Exercise objective: Return the data below unaltered, but strip out the pictures.

Supplied data:
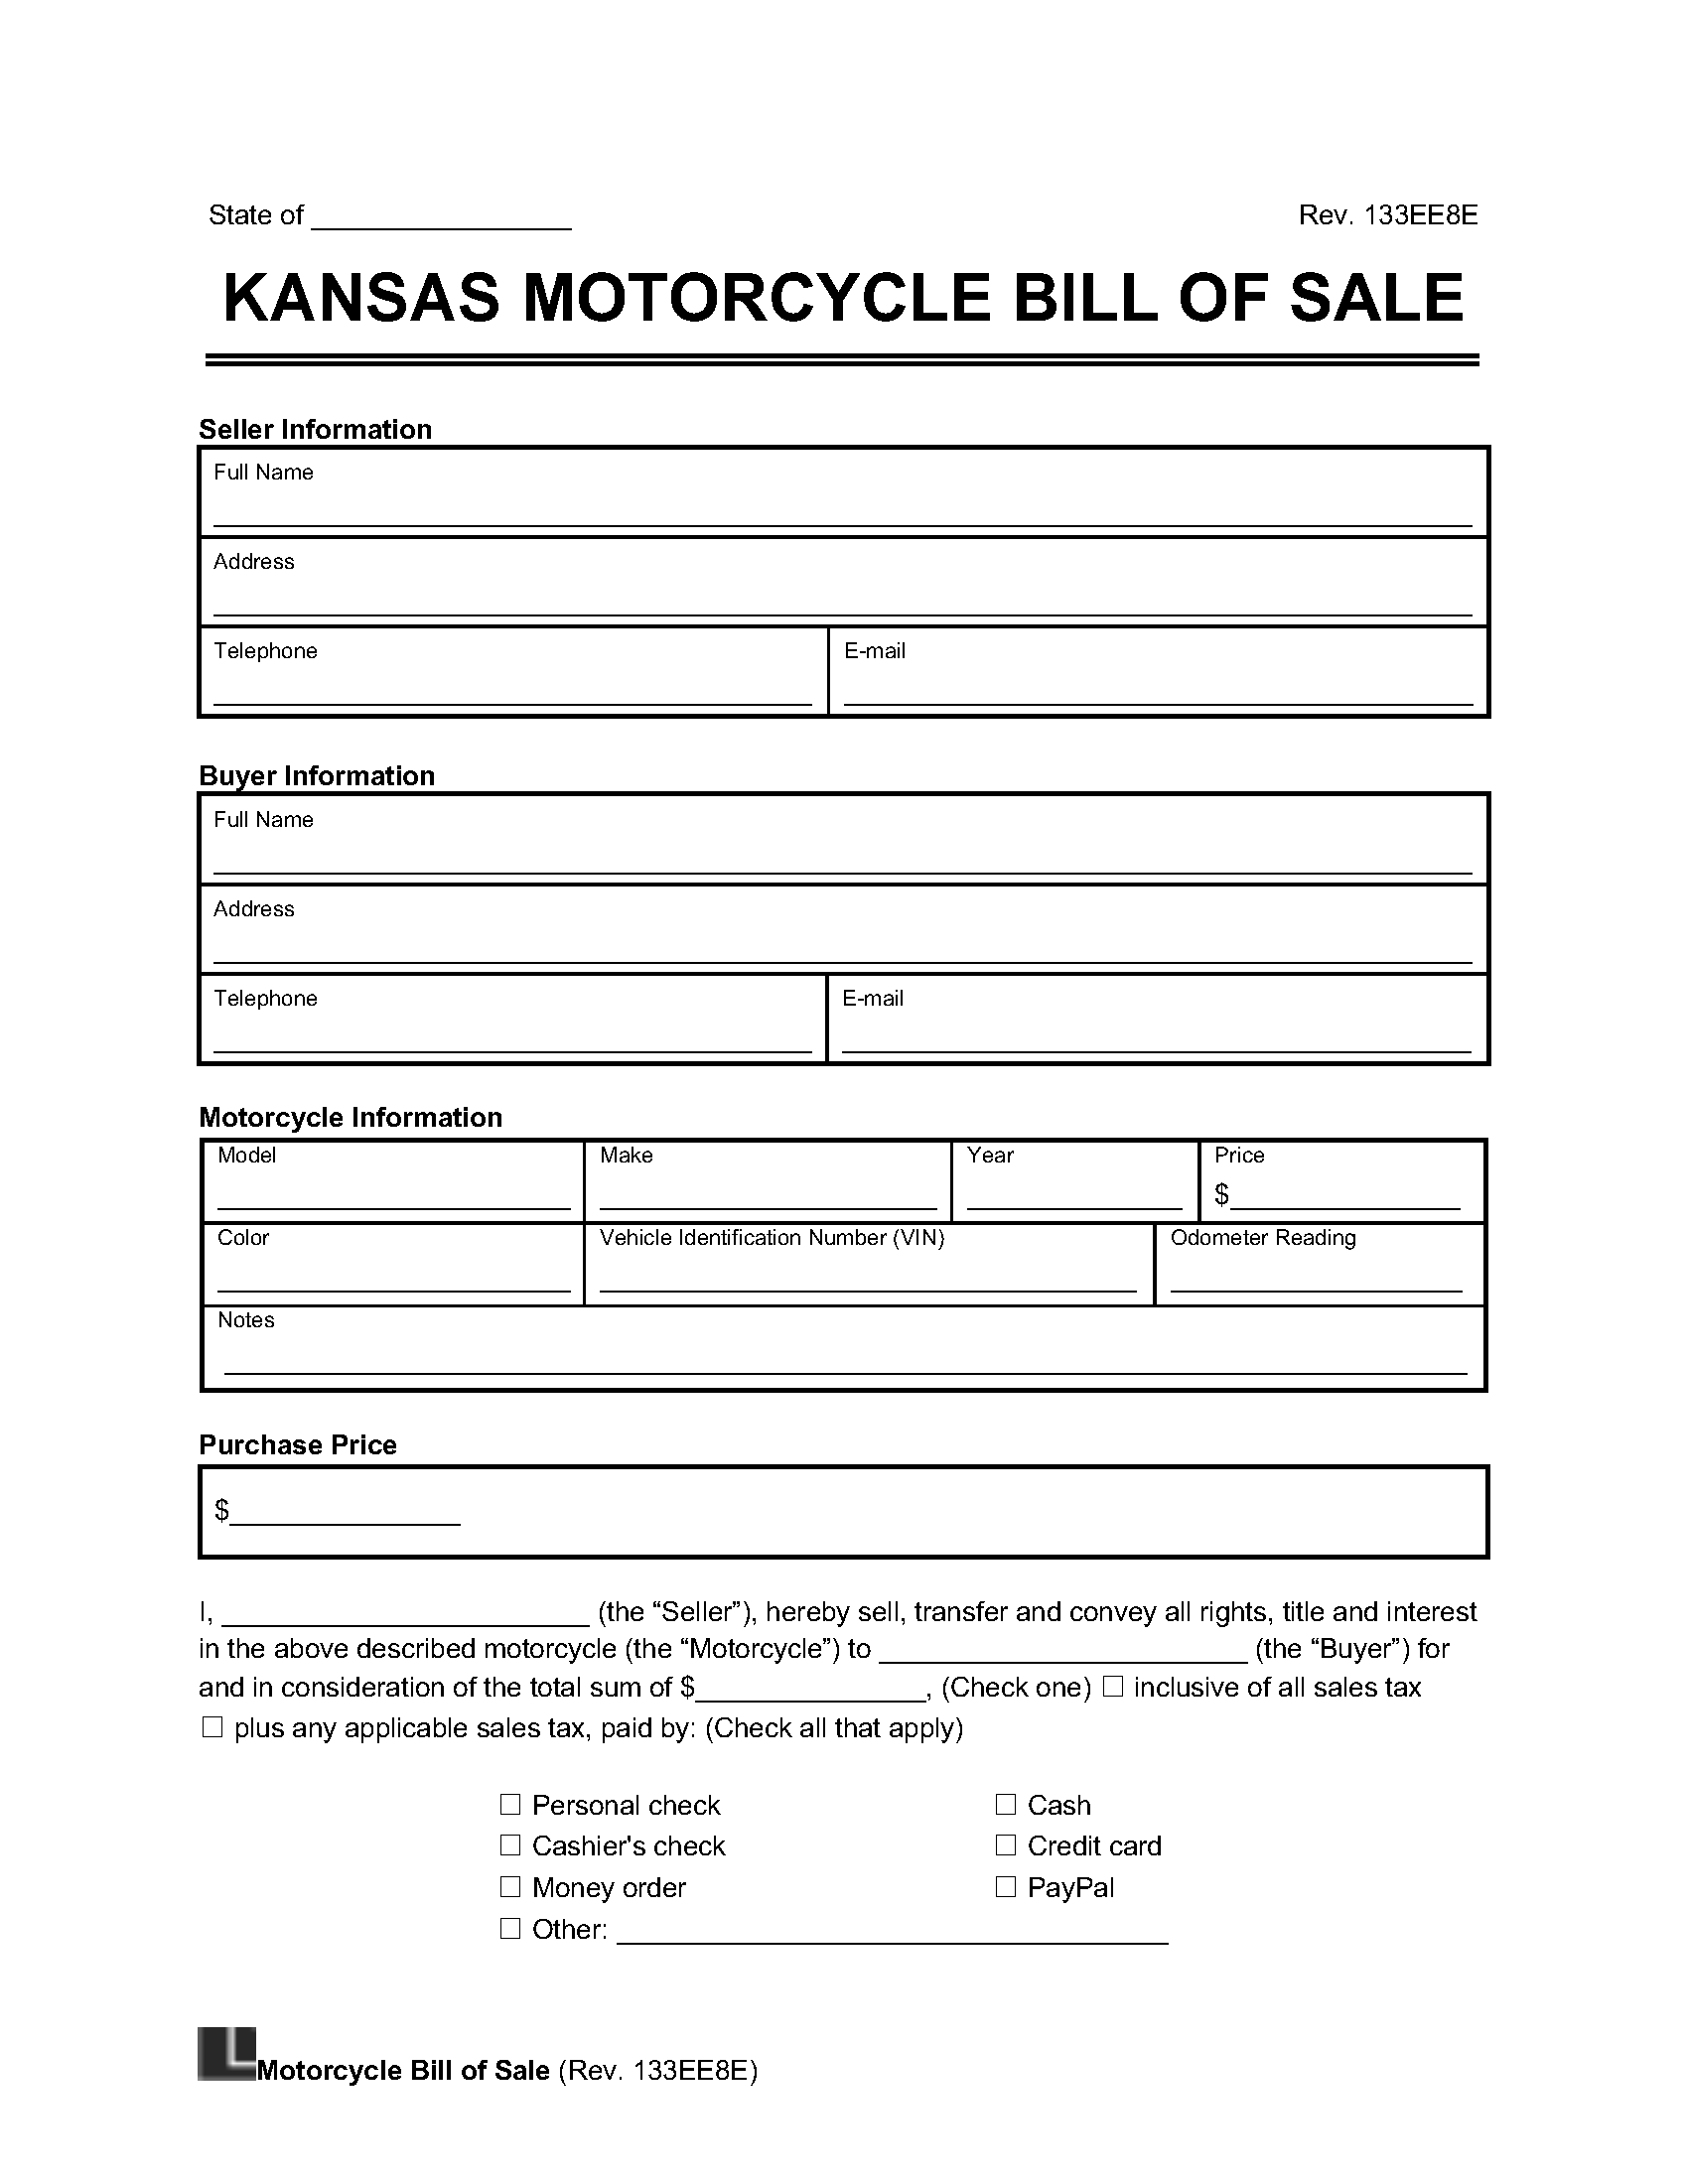 kansas motorcycle bill of sale
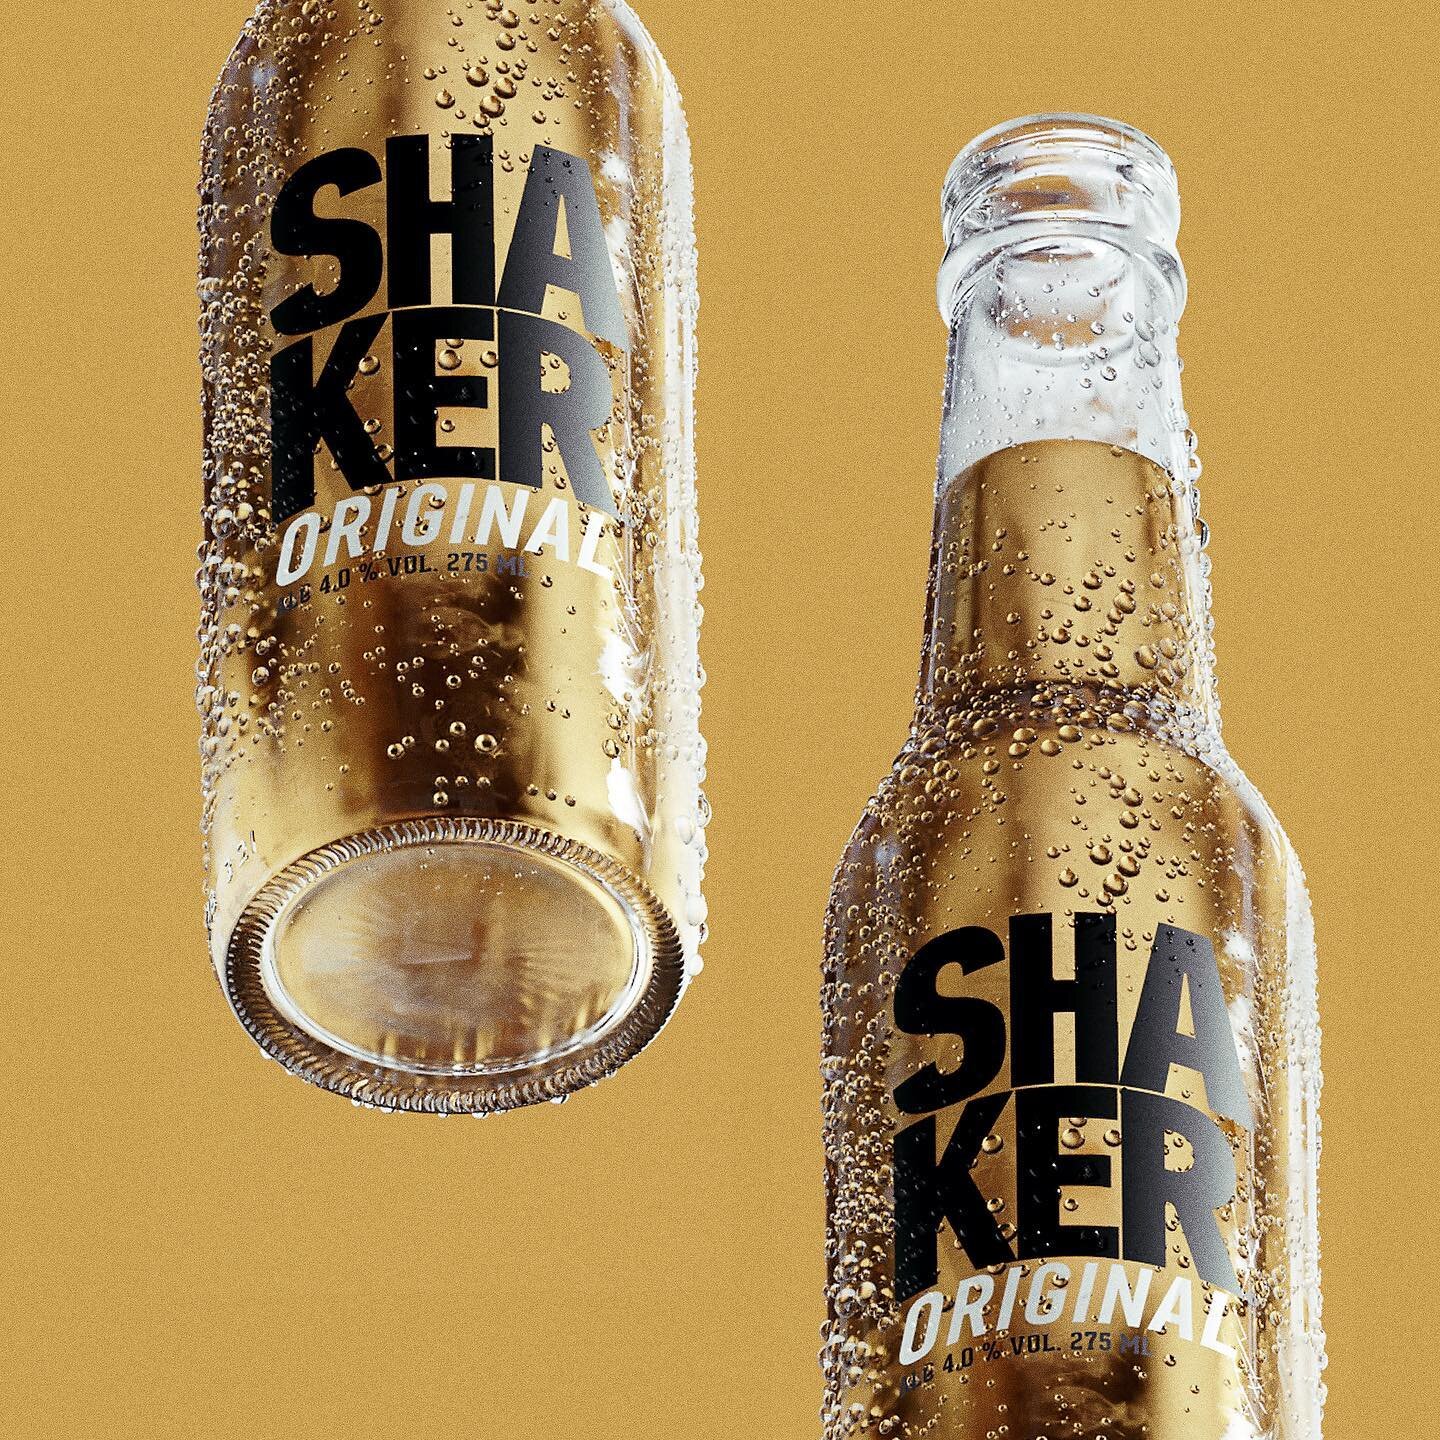 Still images from @shaker.shaker.shaker bottle cap campaign ⭐️💫👀 ⚫️⚪️ #blender #cinema4d #animation #advertising #3dmodeling #3dvisuals #simulation
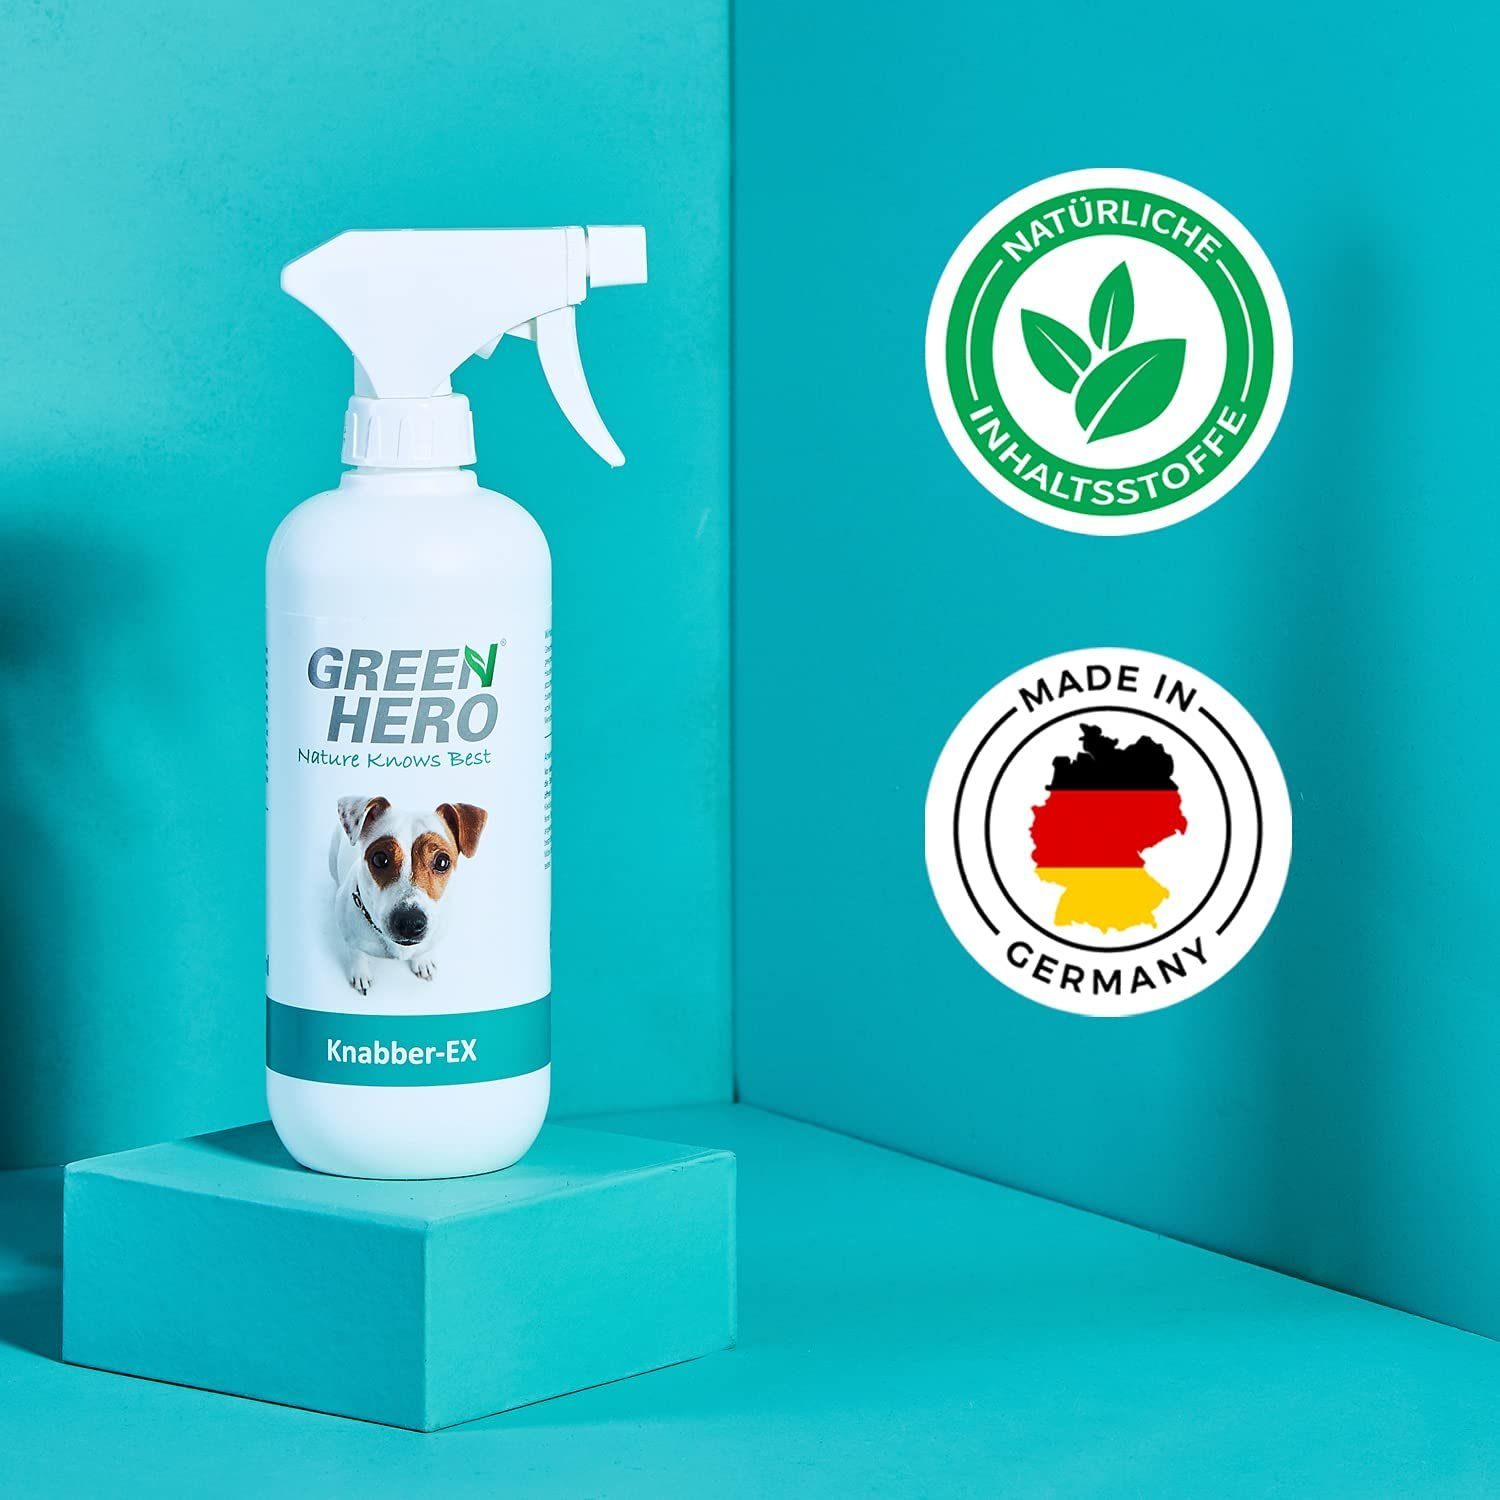 Gardigo Hunde-Katzen-Verdufter-Spray 500 ml

Task response:
 kansas motorcycle bill of sale
 Still images from @shaker.shaker.shaker bottle cap campaign ⭐️💫👀 ⚫️⚪️ #blender #cinema4d #animation #advertising #3dmodeling #3dvisuals #simulation
 Gardigo Hunde-Katzen-Verdufter-Spray 500 ml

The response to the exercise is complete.